Он только усмехнулся при этих словах.
— Не совсем. — Затем он стал серьезным. — Послушай, единственное, о чем тебе не стоит беспокоиться, так это о том, что ты можешь стать похожей на меня. Ты будешь чем-то исключительным, но совершенно не такой, как я.
Она робко взглянула на него.
— А мне хотелось бы походить на тебя.
Только самая младшая из его детей сказала подобную вещь. Он прижал ее голову к своему плечу. — Нет, — сказал он, — это будет небезопасно. Я знаю, кем тебе хочется стать. Это не очень подходящая идея, чтобы удивить меня.
Она поняла и промолчала. Как и большинство его людей, она не пыталась отодвинуться от него, когда он предупреждал ее или запугивал.
— А кем же я буду? — спросила она.
— Я надеюсь, что ты сможешь делать для других то же самое, что твоя мать может делать только для себя. Исцелять. Но только это должен быть очередной шаг в этом направлении. Ведь даже если ты унаследуешь таланты только от одного из своих родителей, ты будешь очень устойчивой, и не сможешь стать таким как я. Твой отец до того, как я забрал его, мог не только читать мысли, но и проникать взглядом сквозь непрозрачные предметы. Он обладал, так сказать, мысленным «зрением».
— Мой отец — ты, — возразила она немедленно, — и я не хочу слышать о ком-то еще.
— Выслушай это! — резко сказал он. — Когда трудности переходного возраста будут позади, ты прочтешь это и в мыслях Исаака, и в мыслях Энинву. Ты могла бы узнать от Аннек, что тот, кто читает чужие мысли, не может без конца обманывать себя. — Аннек Страйкер Крун. Она была как раз одной из тех, кому следовало бы поговорить об этом с Нвеке. Она была одним из его самых лучших «телепатов», лучшим за все шесть поколений, потому что была прекрасно управляема. Когда ее переходный возраст закончился, она никогда без необходимости не проникала в мысли другого человека. Ее единственный недостаток состоял в том, что у нее не было детей. Энинву пыталась помочь ей, и Доро доставлял ей одно мужское тело за другим, но все было тщетно. В конце концов Аннек стала опекать Нвеке. Молоденькая девушка и пожилая женщина нашли много общего друг в друге, и это очень радовало Доро. Ведь это было большой редкостью для людей с такими талантами, как у Аннек, находить радость в общении с детьми. Доро видел в этой дружбе хорошее предзнаменование для совершенствования еще неоформившихся талантов Нвеке. Но сейчас прошло уже три года с тех пор, как Аннек умерла, и Нвеке осталась одна. Вне всяких сомнений, причиной ее следующих слов послужило одиночество.

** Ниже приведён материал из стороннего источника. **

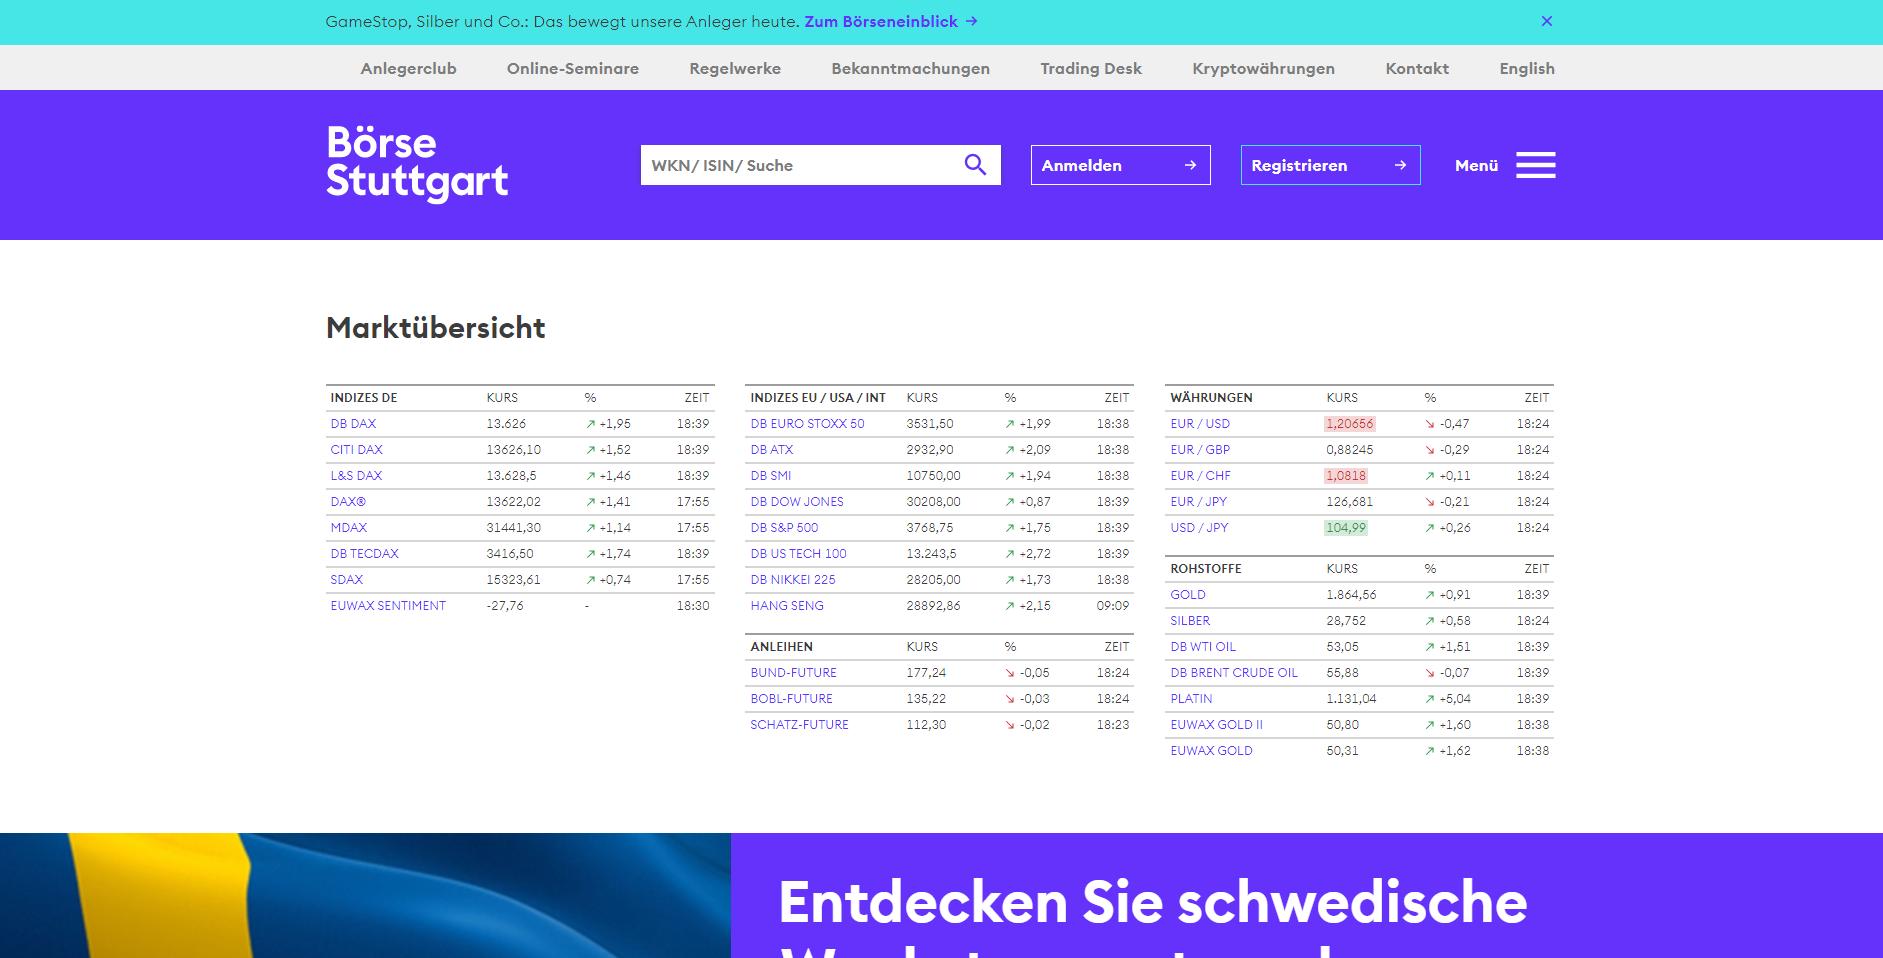 Offizielle Webseite der Börse Stuttgart

— А ты любишь нас? — спросила она.
— Ты имеешь в виду всех вас? — задал встречный вопрос Доро, прекрасно зная, что она не имела в виду каждого из всех его людей.
— Тех из нас, кто изменяется, — пояснила она, не глядя на него. — Тех, кто отличается от остальных.
— Вы все отличаетесь друг от друга, вопрос только в степени этих отличий.
Казалось, что она заставила себя посмотреть ему в глаза.
— Ты все смеешься надо мной. Мы переносим такую боль… ради тебя, а ты лишь смеешься.
— Только не над твоей болью, девочка. — Он глубоко вздохнул и постарался скрыть свою радость. — Не над твоей болью.
— Но ты не любишь нас.
— Нет. — Он вновь почувствовал, как она начинает возражать ему. — Не всех вас.
— А меня? — робко прошептала она наконец. — Любишь ли ты меня?
Это был излюбленный вопрос его дочерей, и только его дочерей. Его сыновья надеялись, что он любит их, хотя и не спрашивали его об этом. Возможно, они и не отваживались на это. Ах, но эта девочка…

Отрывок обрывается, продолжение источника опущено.